Turkey’s installed PV capacity has passed 5 GW, with the lion’s share made up of ‘unlicensed’ PV projects – systems up to 1 MW in size or clusters of such systems that amount to larger solar farms.
The licensed market consists of just 600 MW of projects tendered in 2014 and 2015 but with most permits for unlicensed projects expiring and no new applications being accepted, investors are taking a closer look at the prospects of larger schemes.
Of the 600 MW of licensed capacity, only 80 MW has been installed, with around 51 MW added last year, reflecting the increasing interest of investors.
pv magazine has compiled the following list of Turkey’s installed, licensed PV projects:
Akfen Renewable Energies
The dominance of Akfen Renewable Energies – the renewables arm of Akfen Holding – is obvious and the Turkish developer made headlines last year when it secured a $363 million loan to build 327 MW of new solar and wind power capacity in Turkey.
A spokesperson for the firm told pv magazine the loan will partly finance seven licensed PV farms and two unlicensed projects.
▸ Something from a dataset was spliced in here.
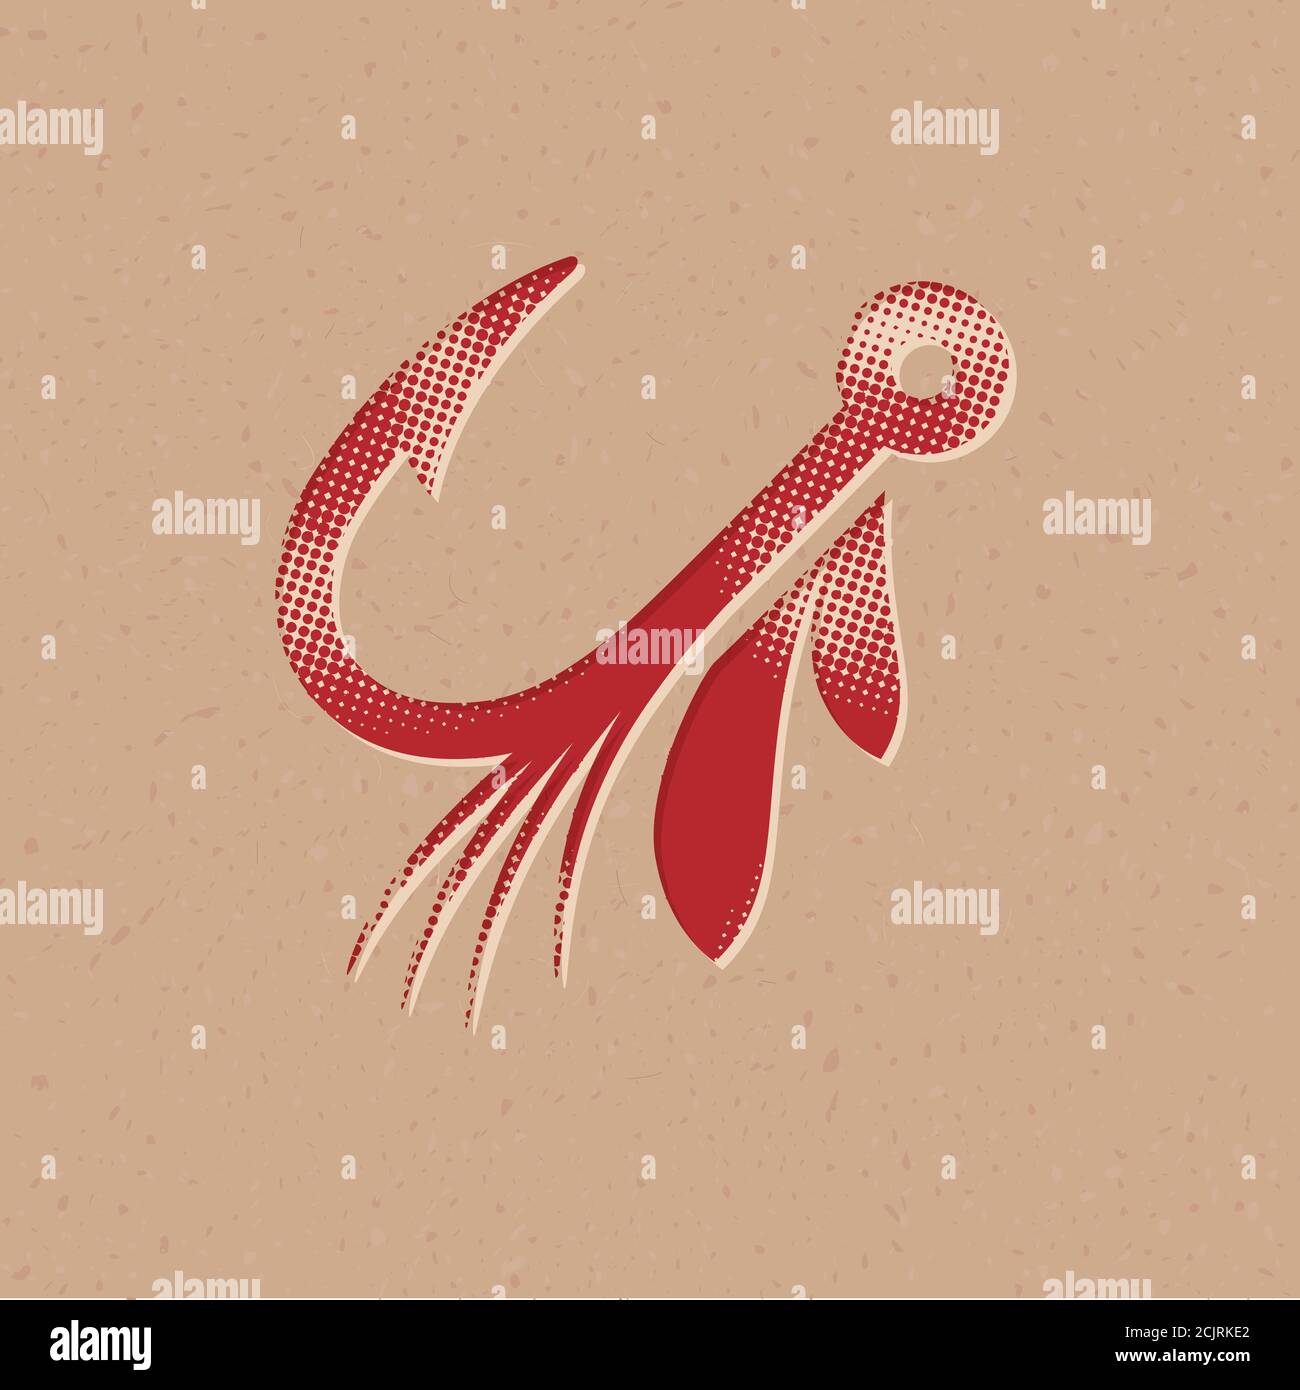 Fishing lure icon in halftone style. Grunge background vector illustration. Stock Vector

Of those facilities, five parks have already been installed and are included in pv magazine’s list. The loan will also support another two licensed projects – the Omicron Ercis project in Van and the Iota SPP scheme in Malatya, each with a 9.95 MW capacity – as well as 15.44 MW of unlicensed capacity: 5 MW in Tokat and 10.44 MW in Amasya.
The Akfen Renewables spokesperson added, the firm holds licenses for 78 MW of the licensed capacity awarded in the tenders of 2014 and 2015. Akfen said $210 million of the $363 million loan had come from Germany’s state-owned KfW development bank for wind power projects, with $51.5 million each from the European Bank for Reconstruction and Development (EBRD) and Turkey’s İşbankası for PV and the EBRD providing a further $50 million for wind power.
Racing against time
Although there is renewed interest in larger projects, investors in Turkish solar are racing against the clock and an unfolding economic crisis.
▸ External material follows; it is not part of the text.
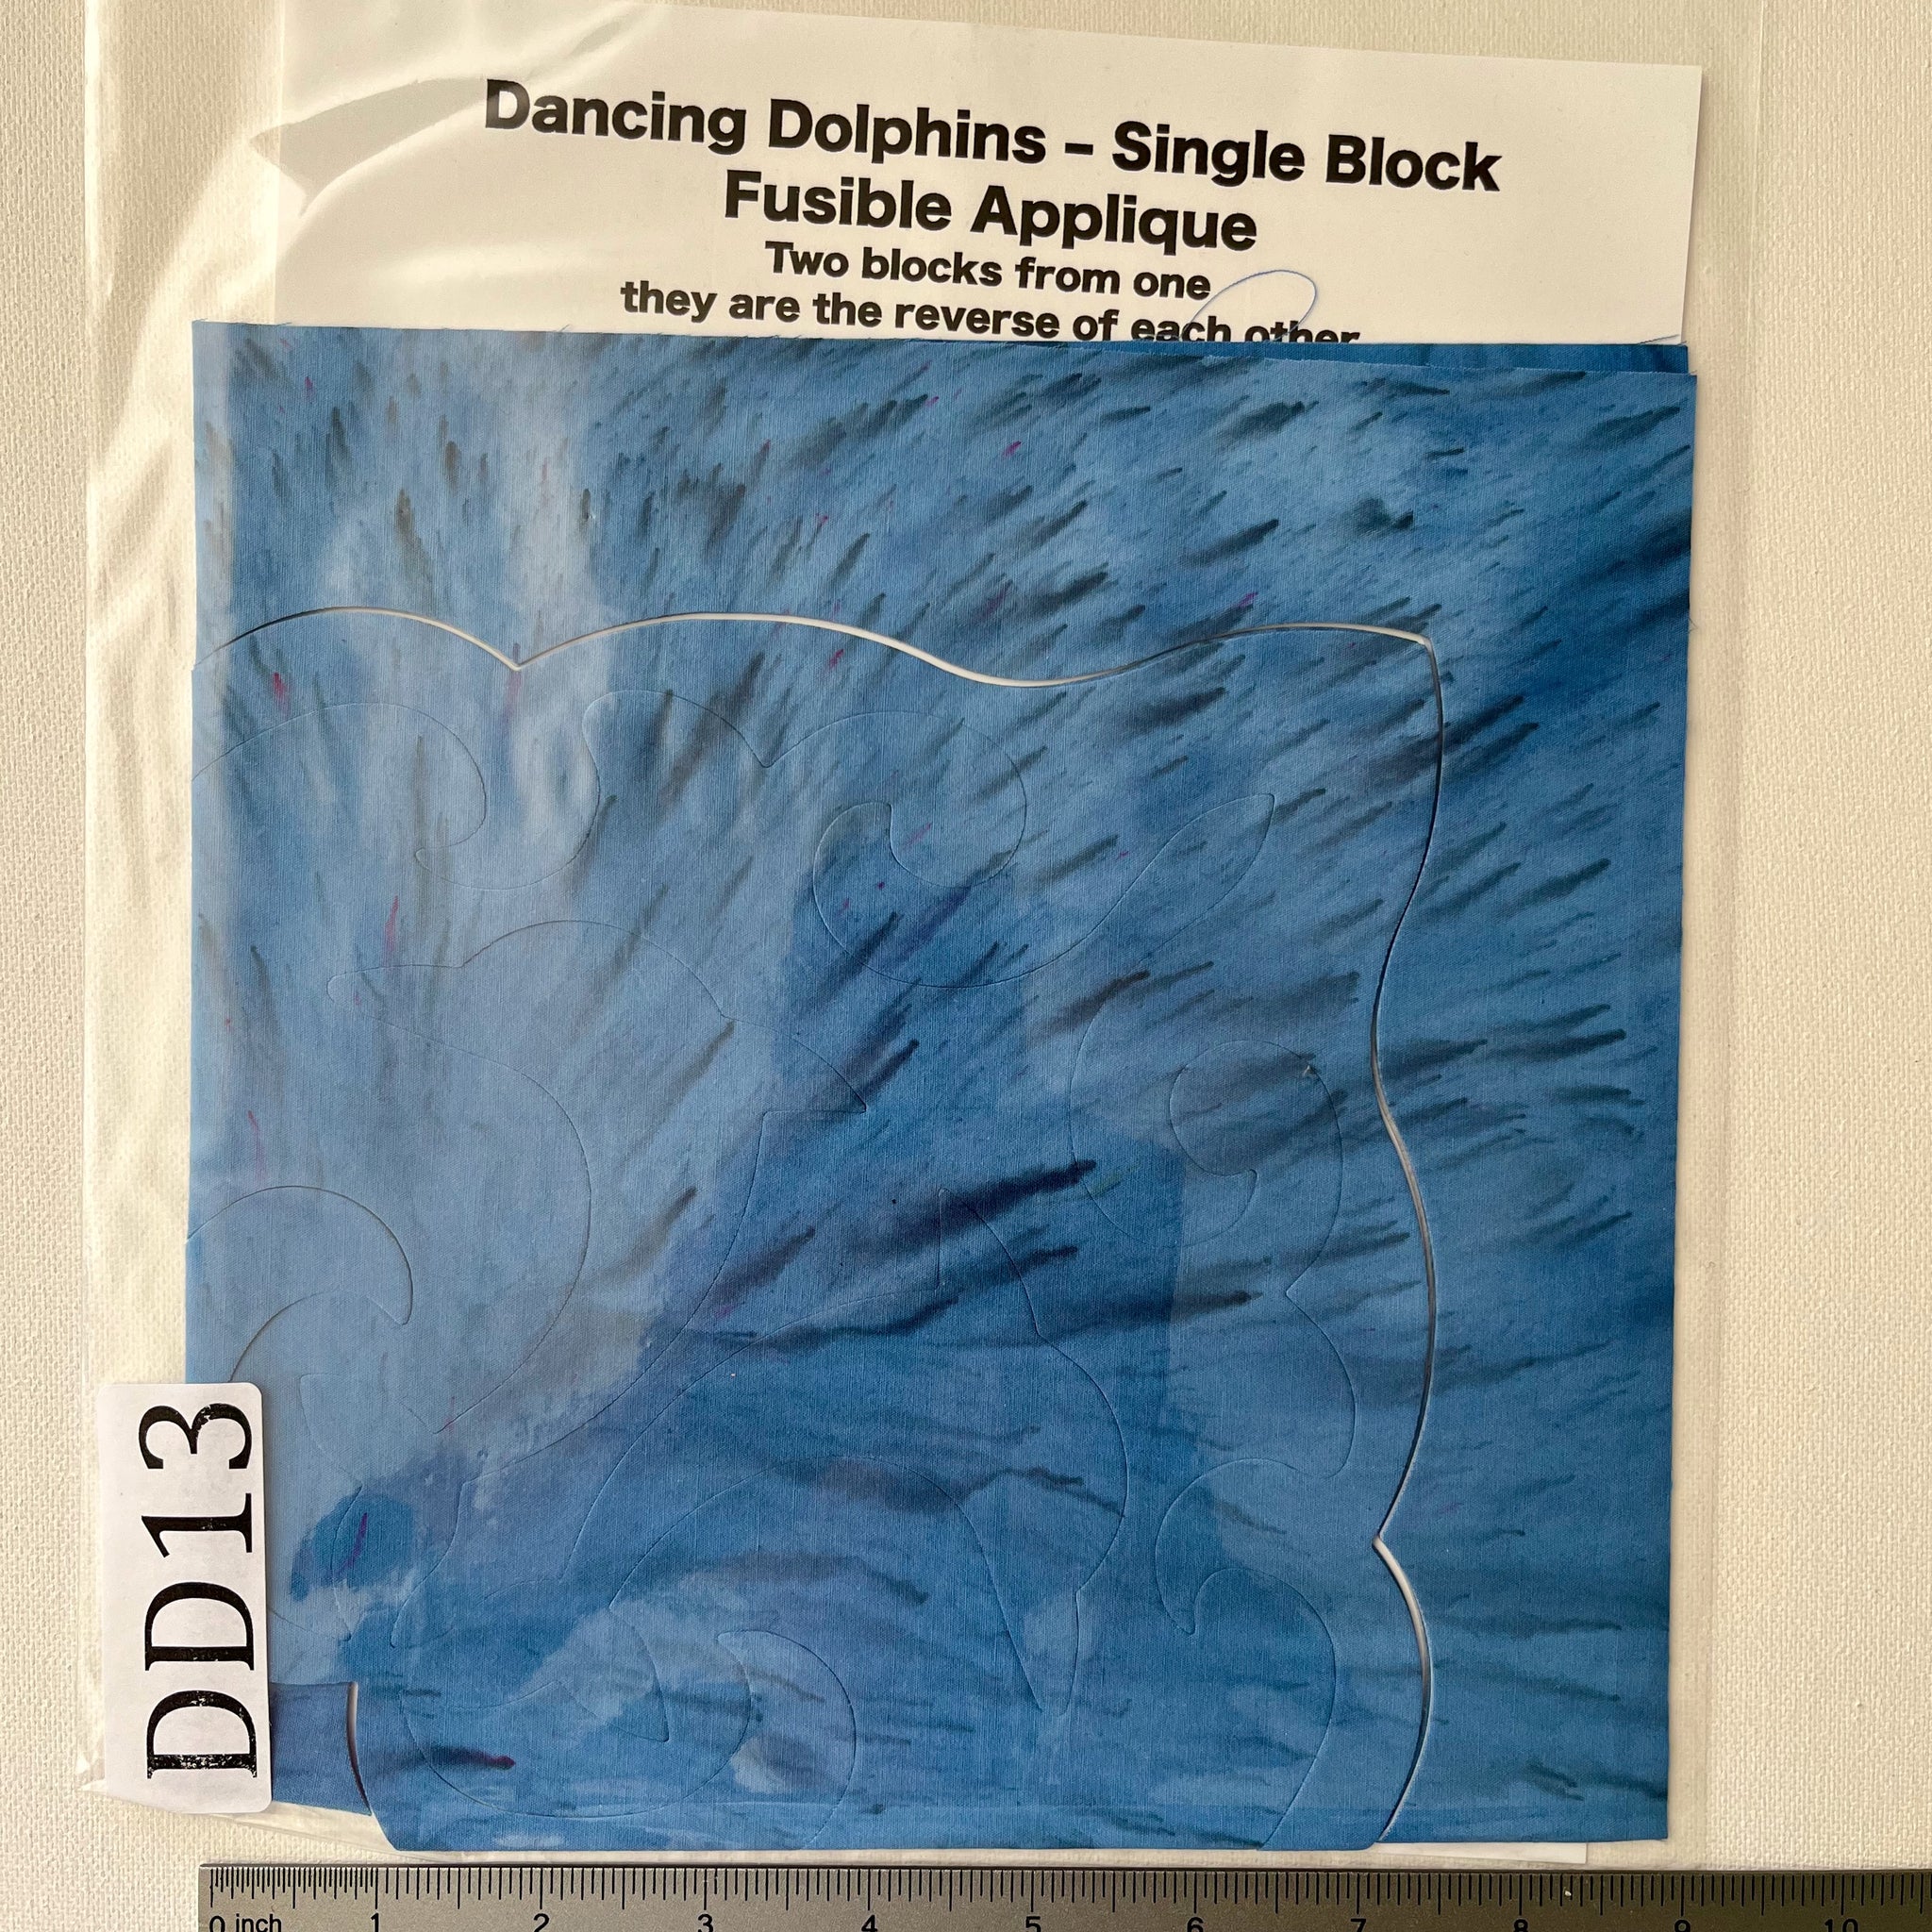 Dancing Dolphins Fusible Applique block made from Gabriele's hand dyed cotton-DD13

Licensed PV plants must be developed this year, although investors may be able to extend that deadline due to changing terrain, according to Andreas Schuenhoff, director of Asunim Group, an EPC firm active in Turkey. Umut Gurbuz, of Asunim Turkey, told pv magazine around 100 MW of projects have applied for terrain changes, with some approved by regulator the EMRA.
Red tape, however, remains a substantial hurdle for PV investors. Yusuf Bahadir Turhan, founder of YBT Energy – which has a 20 MW installed portfolio in the country – said: “Acquiring the necessary permits from countless local and central governmental authorities is rather too difficult. It takes too much time, and people working for government [and] responsible [for] the necessary permits have little knowledge about what to do. Since they do not know much, they are not very eager to do anything, to sign anything.”
…and an economic crisis
Asunim’s Gurbuz appeared hopeful about financing licensed solar projects, and told pv magazine “the capital requirements [for the projects] are clarified in the electricity market law. You need to increase the capital to a certain level of the system value and this is it. The capital of the project remains fixed and the money generated is paid to the banks as credit payments.”
Developer Turhan was more skeptical, and said YBT Energy “definitely has plans to develop more licensed PV plants in Turkey. Not now, but when [the] investment atmosphere becomes better and the government decides to open more capacity for bidding.”
Turhan argued there are two main financial problems when developing the 600 MW of tendered, licensed PV capacity. The first concerns a one-off contribution fee per installed megawatt that arose from the tender process. Turhan argued the fee is often prohibitively high. YBT Energy is paying TRY1,888,008 ($325,000) per MW for its 9 MW Sivas Project. “There are projects which were tendered for [a contribution fee of] TRY2,960,000 per megawatt,” he said.
The second problem concerns a regulatory decision six months after the last tender for licensed projects, which set the requirements for bank guarantees with regards to the contribution fee. Before that, said Turhan, the regulation concerning bank guarantees was vague and investors assumed they needed to provide guarantees for 10-20% of the contribution fee tendered for each project. The regulator instead asked for the entire amount to be underwritten.
As a result, said Turhan, “most investors who applied and won the bid had to resign, since they did not take into account that they needed to have such a line of credit in the banks … They thought: ‘we can build the plant first, then the PV plant can pay this contribution fee with the funds it self-generates’. However, you need to find both the necessary capital to build the plant and the necessary line of credit in the banks to secure the bank letter at [the] very beginning of the process.” EMRA’s regulation means investors need to find 30-40% more capital than that needed to build the plant, said Turhan.
Add in the fact Turkey’s trade deficit has deteriorated, inflation has escalated and the currency has fallen sharply, and it is not hard to understand why developing licensed PV in the country is not straightforward.
Headaches for domestic investors, however, could provide a golden opportunity for foreign investors to take advantage of cheap equipment to develop Turkish projects. But they will have to be fast.
This article was published a second time on 16/04/19 after a problem with the graphic a day earlier.